Many people don’t know that while ssris have some potential benefits they also have some potential dangers. Two researchers agree that there are potential dangers in the use of SSRIs. While Kim Wilton and Tracey Walker agree that SSRIs are dangerous they talk about different dangers and risks associated with the use of SSRIs. Kim Wilton talks about the use of SSRIs among children adolescents while Tracey Walker talks about the use during pregnancy. Kim Wilton is a second-year law student and she explains in a section of her paper that there are risks associated with the use of ssris in children.

One of these risks includes an increase in suicidal thoughts and actions. She says that “Notably, the SSRI Paxil was found to create two times as much suicidal idolization in childhood, compared to a placebo.” This is because the child’s brain chemistry is not fully matured yet, but children aren’t the only ones affected by ssris because She does go on to say that studies have shown adults to have increase suicidality also, but it was small. Although there are dangers to children using ssris there are potential dangers to women using ssris as well especially while pregnant as explained by Tracey Walker the article backs up the potential dangers of using ssris during pregnancy. She points out that there are risks involved such as birth defects, miscarriage, preterm birth, growth defects, and other complications with women who take ssris during pregnancy.

She points out that long term effects of ssris in the children that were exposed during pregnancy are not known but they say there is evidence that shows an increased rate of neurobehavior complications that may include a doubling rate in autism. Both Kim Wilton and Tracey Walker point out the major dangers and risks associated with ssris and the impacts they can have on our kids during pregnancy and on children. Although the research is different it shows that there are dangers and risks associated with ssris.Many people have successfully been treated with CBT for their anxiety disorders.

researchers agree that CBT is quite effective and useful in treating anxiety conditions. While John Hunsley and Daniel Glenn agree that CBT is effective for treating anxiety John Hunsley adds the effectivness of specific anxiety disorders while Daniel Glenn looks at CBT and anxiety as a hole. John Hunsley a researcher at the university of Ottawa shows that social phobia(SP) or otherwise known as social anxiety disorder can be treated with many forms of CBT with considerable research behind them. In his research his review included a total of 33 studies that involved a total of 1,193 participants. He concluded that the results had shown marked benefits in patients who have received exposure-based CBT had significant benefits in treatment outcomes. He did another study on CBT treatment in GAD and found that forms of CBT had been quite efficacious across life span with evidence to prove its effectivness in adults and as well as the youth. He says that forms of CBT have also been found to be effective and efficacious in the treatment of OCD.

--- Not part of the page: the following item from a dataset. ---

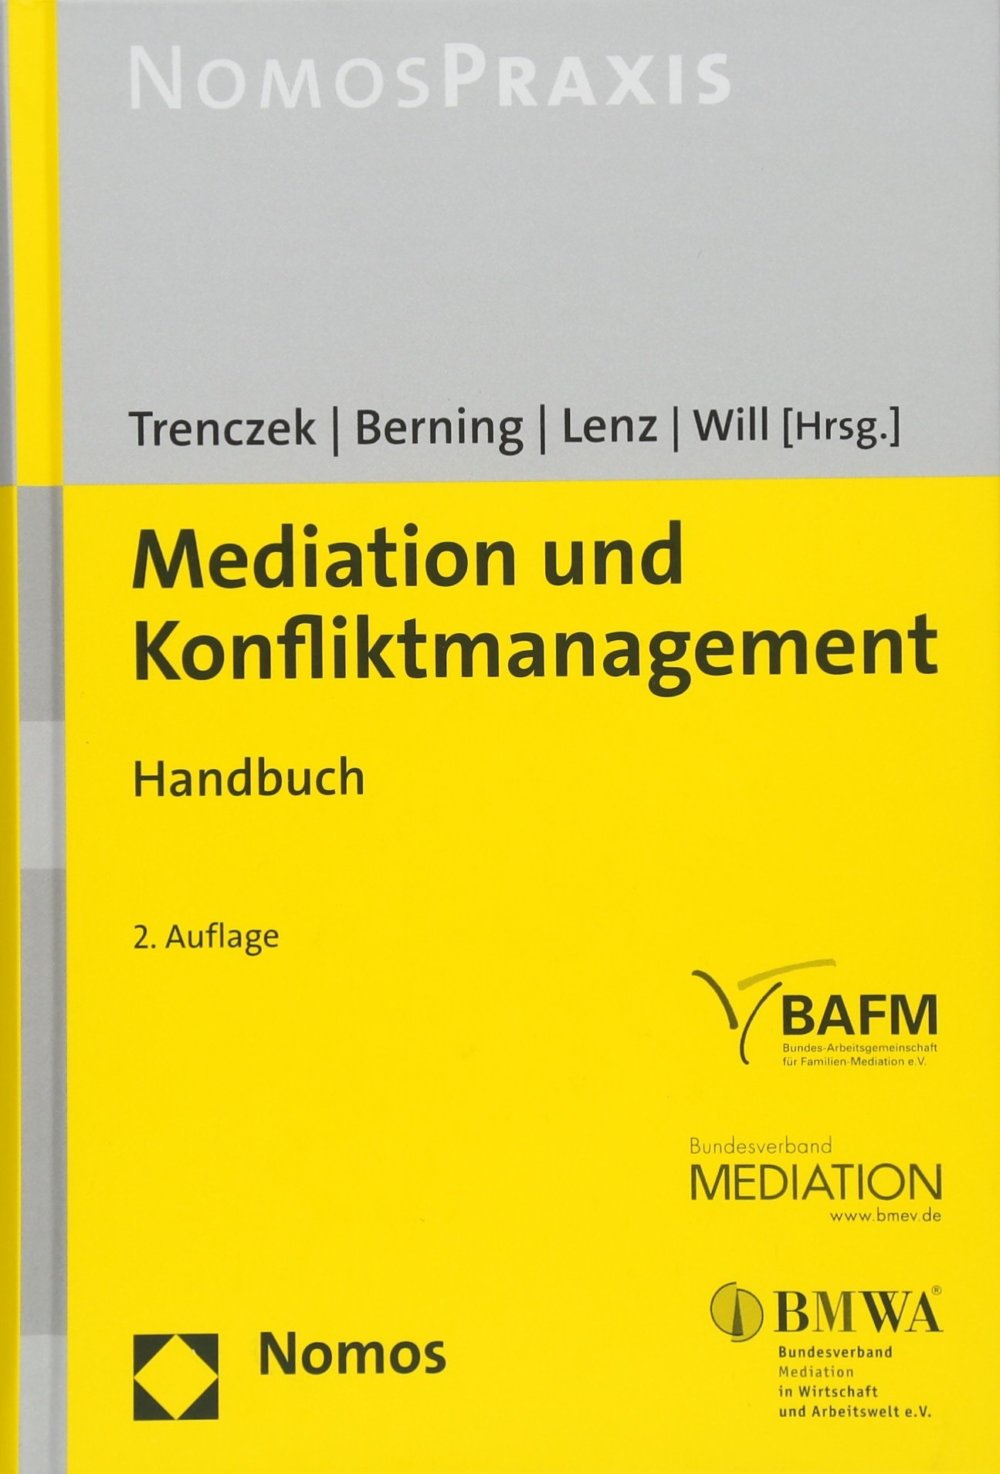 Handbuch Mediation und Konfliktmanagement (Amazon)
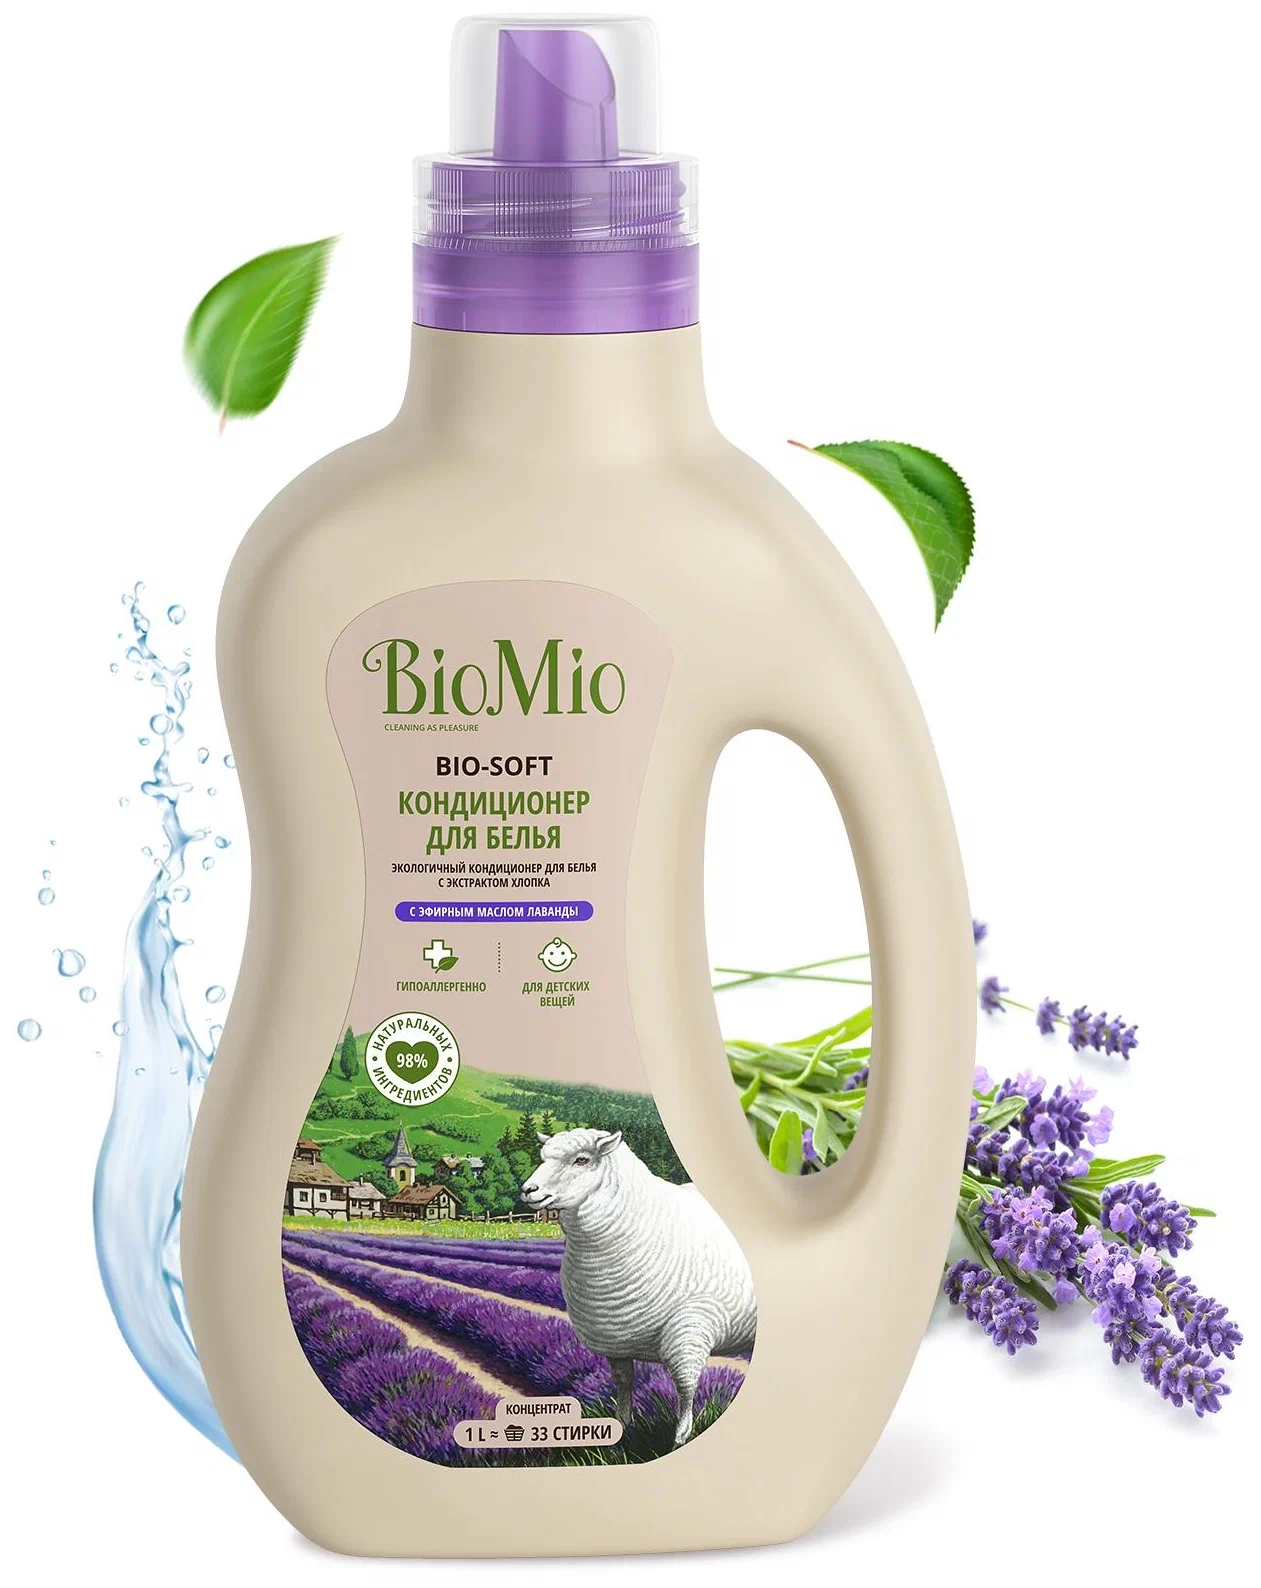 BioMio Кондиционер для белья BIO-SOFT с эфирным маслом лаванды и экстрактом хлопка, 1 л

In the article by Daniel Glenn a researcher for University of Los Angeles department of Psychology acknowledges that CBT is quite effective in treating anxiety disorders. But he points out in his article that in order for CBT therapy to be effective it depends on the treatment dose and the level of engagement that the patient has. His findings suggest that higher doses in CBT and more patient engagement can be quite effective ways in improving treatment outcomes in CBT. Both John Hunsley and Daniel Glenn both do acknowledge the effective treatment of CBT, but Daniel Glenn adds the impacts of adding higher doses and patient engagement. Two researchers disagree In a review of the literature, it appears that ssris have significantly dangerous side effects and risks associated with the use of ssris in children and pregnant woman. Theses do sound quite dangerous however the benefits of ssris are not mentioned upon this paper and those are a big factor in considering ssris.

As far as CBT goes it is a pretty effective treatment in the case of Generalized anxiety disorders, Obsessive compulsive behavior, and Social anxiety disorder. But Daniel Glenn reminds us that CBT is quite effective at higher doses and when patients are engaged it shows significant improvement outcomes in patients.